Remembering Cats Eye

By CC Bernstein

Cat’s Eye
by Margaret Atwood
Virago Press
First published in Great Britain by Bloomsbury Publishing Limited 1989
ISBN: 978-0-349-01308-4

Margaret Atwood’s Cat’s Eye was shortlisted for the Booker prize in 1989. I haven’t read The Remains of the Day, the book that won, but it doesn’t matter. Cat’s Eye was robbed. Every sentence in the novel’s 498 pages serves the whole beating heart of it. No word is superfluous. Each one is a mini portal, transporting us and the main character, Elaine, back into memories without warning, exactly as Atwood intended. In Elaine’s words, on the very first page, “I began to think of time as having a shape, something you could see, like a series of liquid transparencies, one laid on top of another. You don’t look back along time but down through it, like water. Sometimes this comes to the surface, sometimes that, sometimes nothing.
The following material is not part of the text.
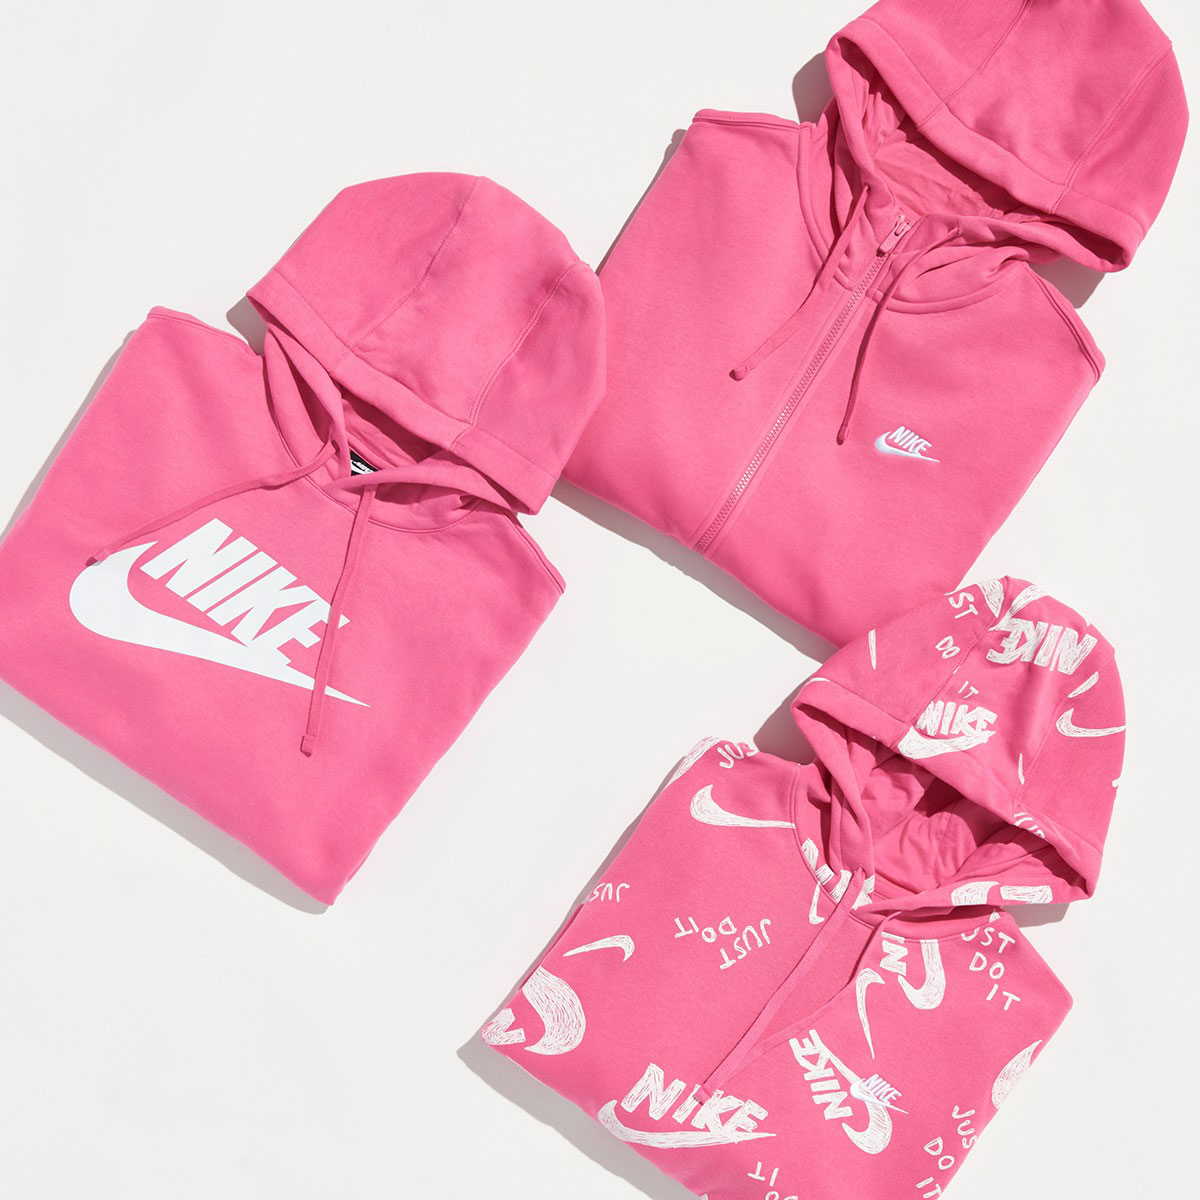 nike-air-max-1-pink-strawberry-lemonade-sneaker-outfit-2

Nothing goes away.” On every level, Cat’s Eye is a homage to memory and when we finish reading it and breathe out slowly, we can’t say Atwood didn’t warn us. 

Often the sensory details Elaine relays are so specific and sharp, she doesn’t need to prop them up with other words. She offers them in lists. Such as on page 10: “I’ve started to chew my fingers again. There’s blood, a taste I remember. It tastes of orange popsicles, penny gumballs, red licorice, gnawed hair, dirty ice.” And page 49: “the old Jewish delis are disappearing, replaced by Chinese emporia, wicker furniture, cutwork tablecloths, bamboo wind chimes.” And again on page 348L “This is a place that serves nothing but chicken, ‘broasted,’ as it says on the sign. Chicken and dipping sauce, and coleslaw and white buns, and one flavour of ice cream: Burgundy Cherry, which is a striking shade of purple.” Her descriptions of the mundane are specific and original enough to feel universal. They teleport us in an instant. 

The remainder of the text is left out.